What about the kind of work that is being undertaken? If we don’t increase the scope of work then the scheme will be a wasted opportunity. I am not asking for convergence, which the activists have opposed. I am not asking for diluting the basic principle of providing work. But I feel that the cottage industry, the hundreds of thousands of weavers, and other skilled artisans who are moving to unskilled work owing to a dearth of income should be made part of the scheme by including their work in it.

Activists like Jean Drèze and Aruna Roy have said the NREGA should be kept for those who are strictly out of work and not taken to those who already work in, say, an anganwadi. That would be like subsidising the government using workers’ money. These activists are from another planet. If they came to Uttar Pradesh they would be driven out. I am not in favour of convergence either. But instead of promoting an unskilled worker, the funds could boost opportunities for skilled workers.

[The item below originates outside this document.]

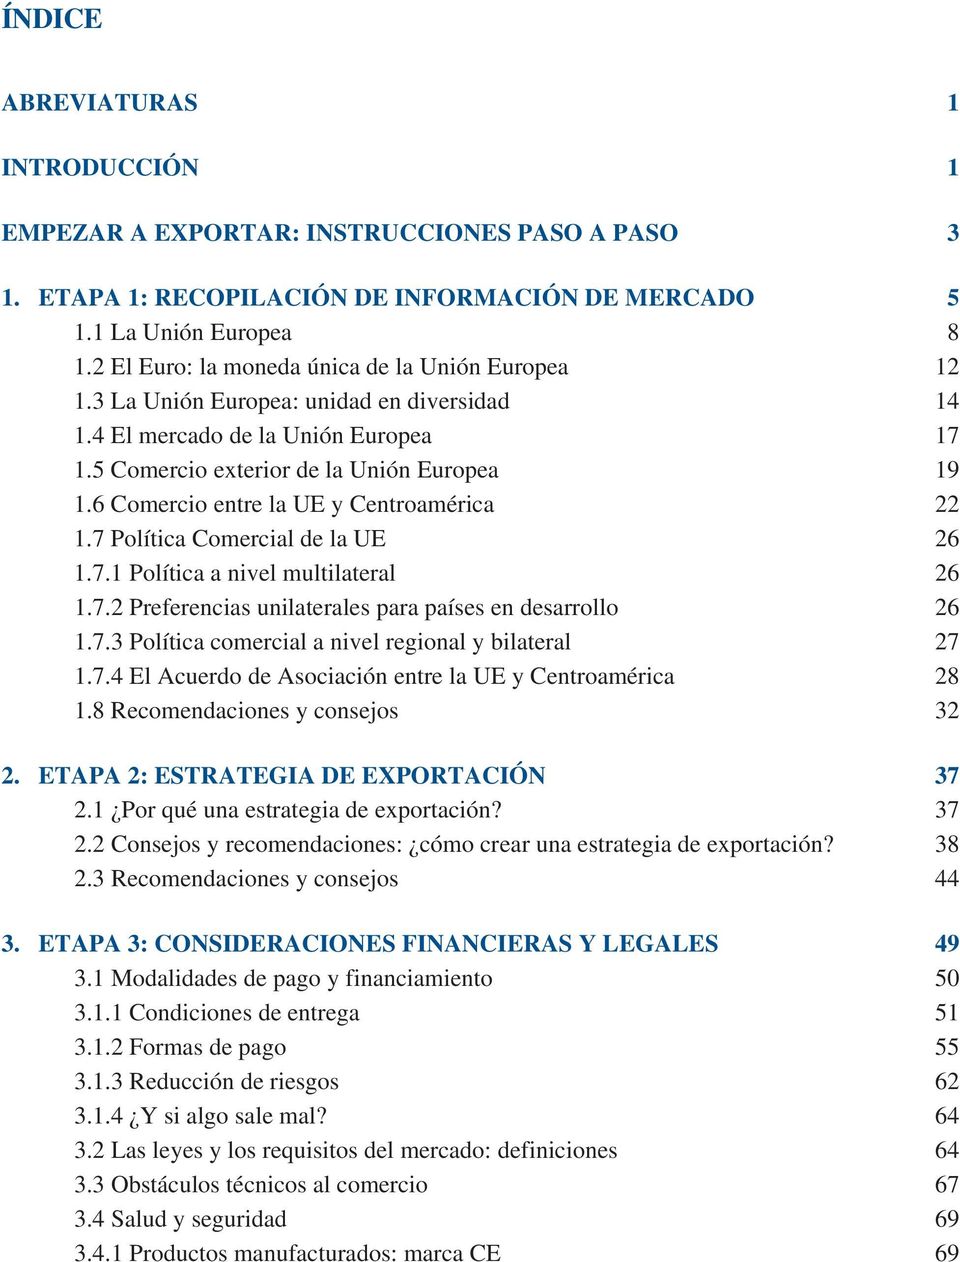 6 Comercio entre la UE y Centroamérica 22 1.7 Política Comercial de la UE 26 1.7.1 Política a nivel multilateral 26 1.7.2 Preferencias unilaterales para países en desarrollo 26 1.7.3 Política comercial a nivel regional y bilateral 27 1.

Your party has been taking credit for the scheme without doing much for it. For instance, you have an NREGA unit in Uttar Pradesh that has been unearthing scams. So why didn’t the party deploy its cadres in other states to make the scheme work and spread awareness? The Congress is now doing precisely this. Sonia Gandhi had said at the Burari meet that monitoring units for the NREGA on the pattern of our unit in Uttar Pradesh will now come up in all states.

The Centre recently increased wages by linking them to the consumer price index but has kept them independent of minimum wages. Does that not go against labour laws? Listen, politics is ugly in this country. If the wages were linked to minimum wages, then the states will start increasing their minimum wages and the Centre would be helpless. I wrote to Sonia Gandhi saying that she had wrongly advised the prime minister and had warned against linking it to minimum wages. The increase in wages, meanwhile, is substantial. But I would say keep it at even Rs 80 but keep it leakage-free. What is the point of raising wages to Rs 120 and giving poor people neither work nor wages in full?

Is there a solution for making the basic entitlement of 100 days work to people a reality then? I feel if any panchayat does not give jobs to 75 per cent of job card holders then it should be punishable. That is the only way people will get some work. In Uttar Pradesh, 60 per cent of the funds are yet to be used, though only two months are left. I fear that adjustments are bound to be made on a big scale there.

You were hand-picked by Rahul Gandhi to head this NREGA unit. What were your experiences before that? I am a politician’s son and an activist but I found that when I tried to stop diversions in the NREGA as an activist, no one listened to me. The support of the party has made my work effective.

Whistleblowers are facing death threats. In fact, an activist was assaulted recently in Uttar Pradesh in Sonebhadra. Does that scare you? Rural Development Secretary B K Sinha wrote to the home secretary last year seeking security for me. I was not too keen then. But now after this incident I have also written seeking security. After all, I have troubled a lot of people.